Майя - Ричард Адамс
Шрифт:
Интервал:
– Так что, будем его ждать?
– Не знаю, – вздохнул Толлис и, уходя, бросил через плечо: – Ладно, утром решим.
Майя метнулась за ним:
– Послушайте…
Толлис с плохо скрытым раздражением уставился на нее:
– Сайет, простите мою бесцеремонность, но мне и без вас забот хватает. Идите спать, утром поговорим.

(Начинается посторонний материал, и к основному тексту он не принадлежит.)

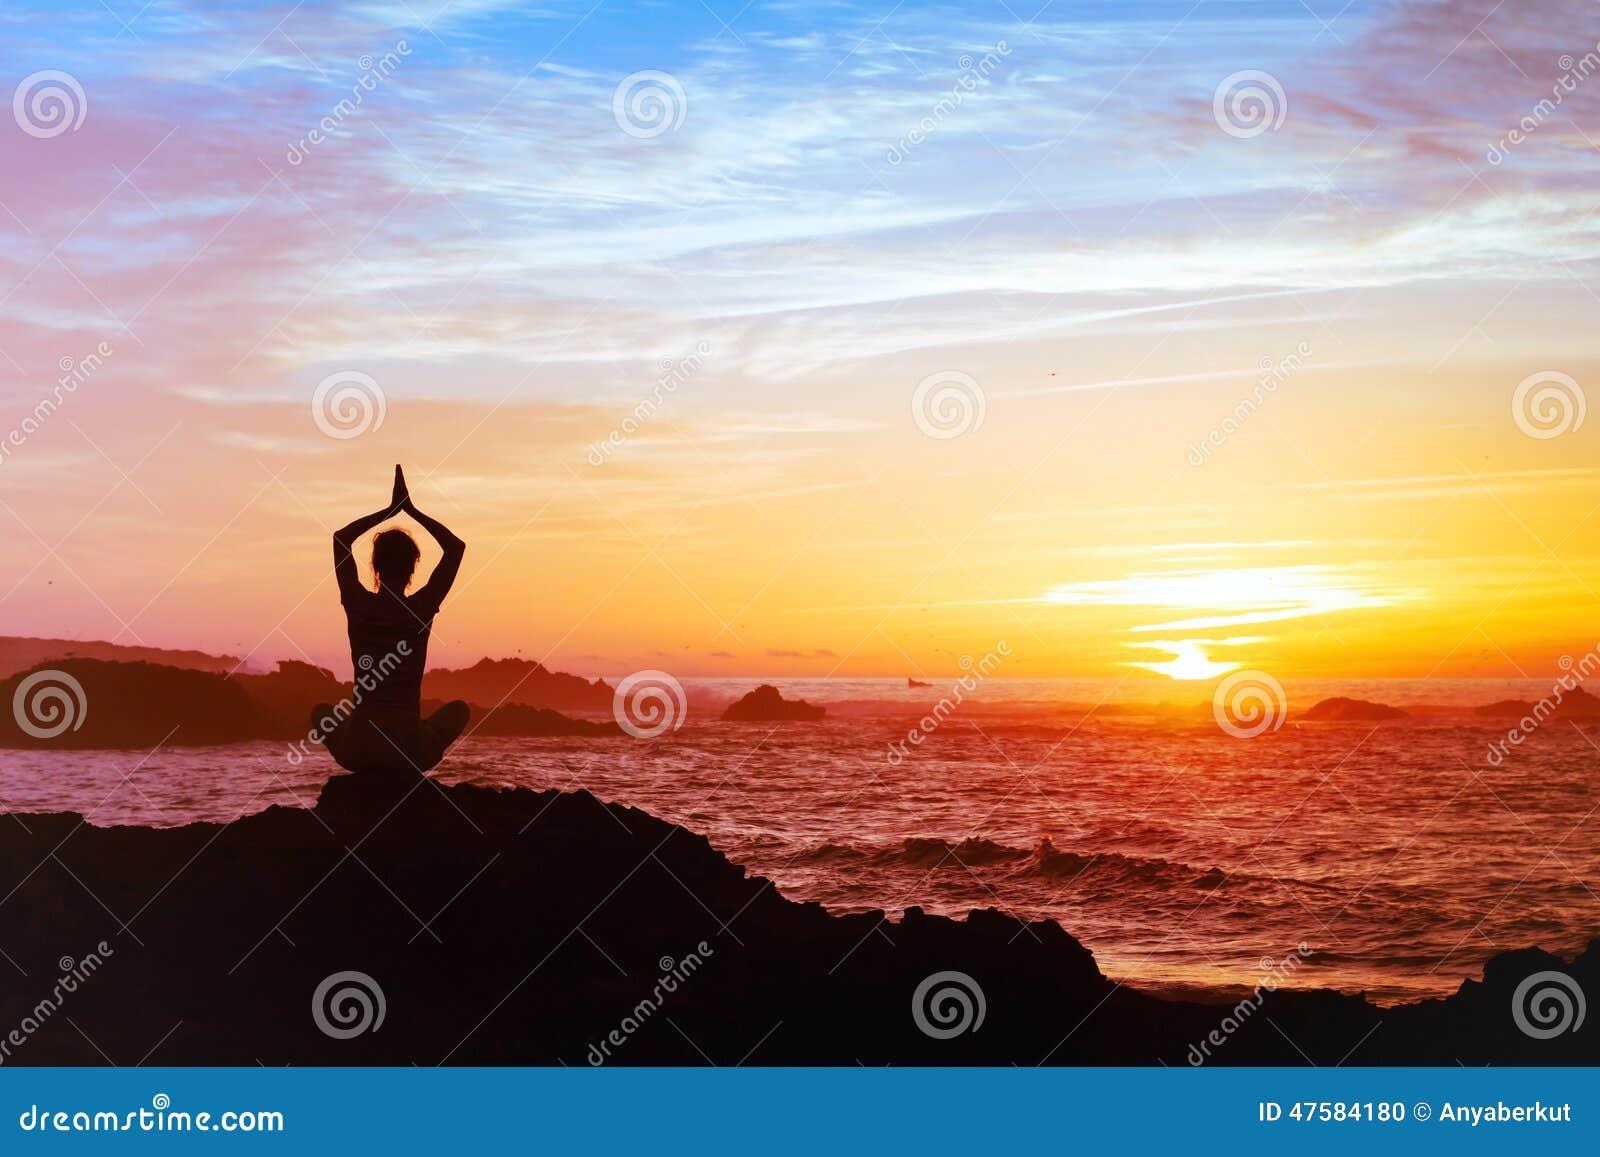 Silhueta da ioga praticando da pessoa

Час спустя Майя, не находя себе места от беспокойства, совсем потеряла голову. Никакие приличия ее больше не волновали. Мысли кружили в жутком водовороте, кошмарные видения беспрерывно сменяли друг друга, томительные предчувствия сжимали сердце. Ее охватил ужас, будто она падала с неимоверной высоты или пыталась выбраться из горящего дома. Перед глазами мелькали образы, один страшнее другого: вот Зан-Керель отбивается от полчищ неведомых врагов, вот его пытают беглые рабы, вот его бездыханное, изувеченное тело швыряют в реку… Измученная зловещей игрой воображения, Майя в отчаянии осознала, как осознают смертный приговор, что это не сон, не вымысел, а горькая правда; все происходит на самом деле, не в прошлом, не в будущем, а сейчас. Все это невозможно изменить, от этого никуда не скроешься. Бесполезно рыдать и взывать к богам – боги безмолвствовали. Ужас и паника нахлынули с новой силой. Бесстрашная Серрелинда, которая не боялась ни тюрьмы, ни ортельгийцев, оказалась беспомощна перед бездействием.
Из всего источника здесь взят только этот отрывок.